Sou branco, homem, heterossexual, nascido numa família de classe média alta e creio que nunca sofri de um preconceito real. Minhas únicas e risíveis experiências foram quando fiz intercâmbio pra Alemanha, com 15 anos, e alguém me tratou de uma forma estranha achando que eu era turco (eu tinha a pele um pouco mais escura que a média e falava com um sotaque estranho). Mas assim que a pessoa descobriu que eu era brasileiro e estava viajando, mudou totalmente de atitude. Isso e algum preconceito de idade, não ser levado a serio por ser novo demais (ou aparentar ser). É tão ridículo que deveria ter outra palavra que não preconceito. Talvez um pequeno desconforto.

No entanto acho que a opinião de alguém que não vive a coisa tem também seu valor. O distanciamento emocional facilita uma imparcialidade, pro bem ou pro mal. Me soa absurdo que abusos tão agressivos como assédios tenham uma incidência tão grande. Sempre soube que existiam, mas assim como existem assassinos de aluguel ou chefões da mafia se reunindo em algum lugar. É algo que existe, sim, mas pra mim era a excessão da excessão.

Meu priminho que mora no Paraná outro dia nos visitando perguntou aonde estava a tia marrom. Não entendemos até alguém perceber que era a Naia, a empregada da minha avó, que é negra. Ele tem 4 anos e nos poucos ciclos em que convive acho que não tem nenhum negro. Assim achou curiosa aquela pessoa de pele marrom. Isso é o oposto do pré-conceito. Pela idade e inocência ele de fato não tinha nenhum conceito pré-definido a respeito daquela pessoa. O oposto da maioria. E o que mais me incomoda é perceber o quanto deles estão profundamente enraizados na nossa cultura.

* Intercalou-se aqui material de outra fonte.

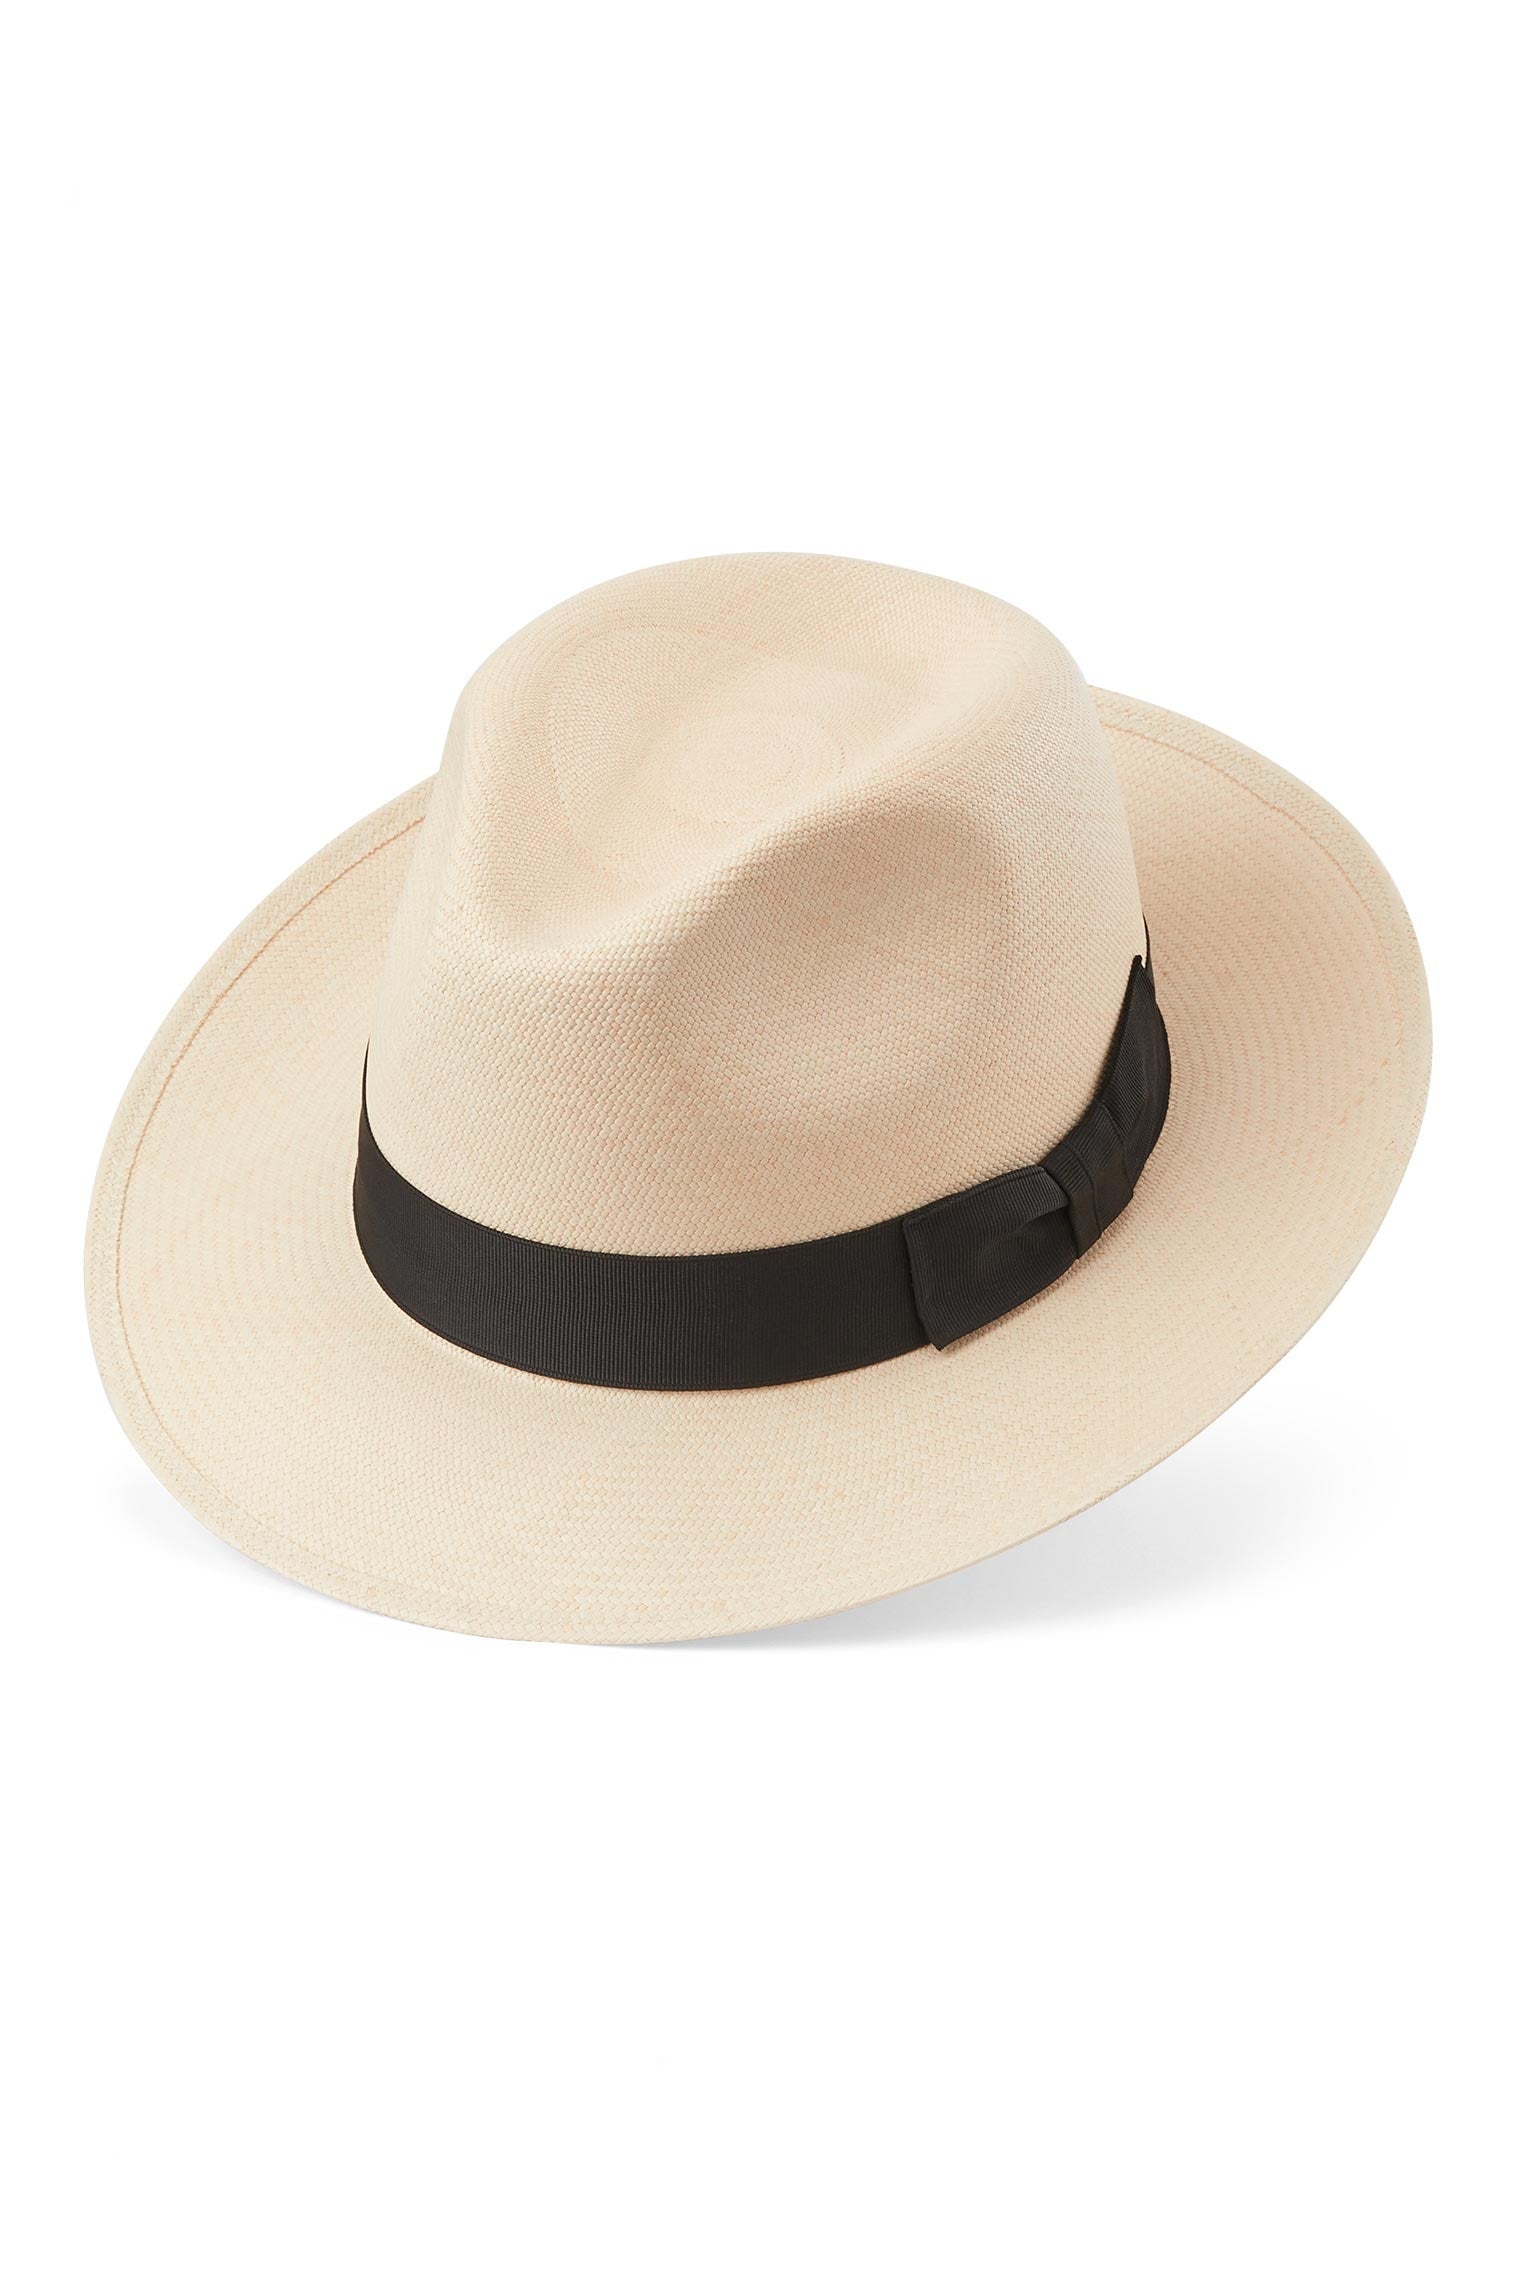 Fairbanks Panama - Panama Hats - Lock & Co. Hatters London UK

Temos toda uma estrutura predial de forma a ter elevadores separados pra criadagem, os prestadores de serviço. Atualmente se justifica por questões de segurança e higiene, pois o elevador de serviço é também o de banhistas e entregadores. Mas o contexto no qual ele surgiu é outro. Assim como todo apartamento tem um quartinho perto da cozinha. E é um quarto que nem é contabilizado na contagem de quartos da casa. “Essa casa tem 4 quartos, mais o de empregada”. O que dizer de seu ocupante? Será ele ou ela igualmente invisível? Nossa própria gramática favorece o homem, sendo o padrão o artigo masculino. Exceto talvez nos casos em que se refere a certos serviços - presume-se que a pessoa que venha a ocupar o tal quartinho seja mulher. Ai a norma é tratar no feminino mesmo. E com uma frequência maior que gostaríamos de admitir a norma nem é tratar, mas destratar.

O que mais machuca é perceber que em tantas vezes dei continuidade a diversos preconceitos. Conscientemente ou não. E acho bonito ler os casos, pois me mostram quão mais próximos eles estão. Sempre estiveram ali, só que estavam escondidos. Escondidos pela vergonha, pela máscara da hipocrisia, pelo medo. E assim como eu, tantos outros vivem alheios a esse mundo. E mesmo quem sofre de um tipo de preconceito pode precisar de um empurrãozinho pra ficar atento aos demais. É uma forma de ver o outro. Tão simples e tão difícil ao mesmo tempo. Se colocar no lugar do outro é algo que nunca foi intuitivo pra mim, como é pra tantas pessoas, mas um exercício que faz toda a diferença.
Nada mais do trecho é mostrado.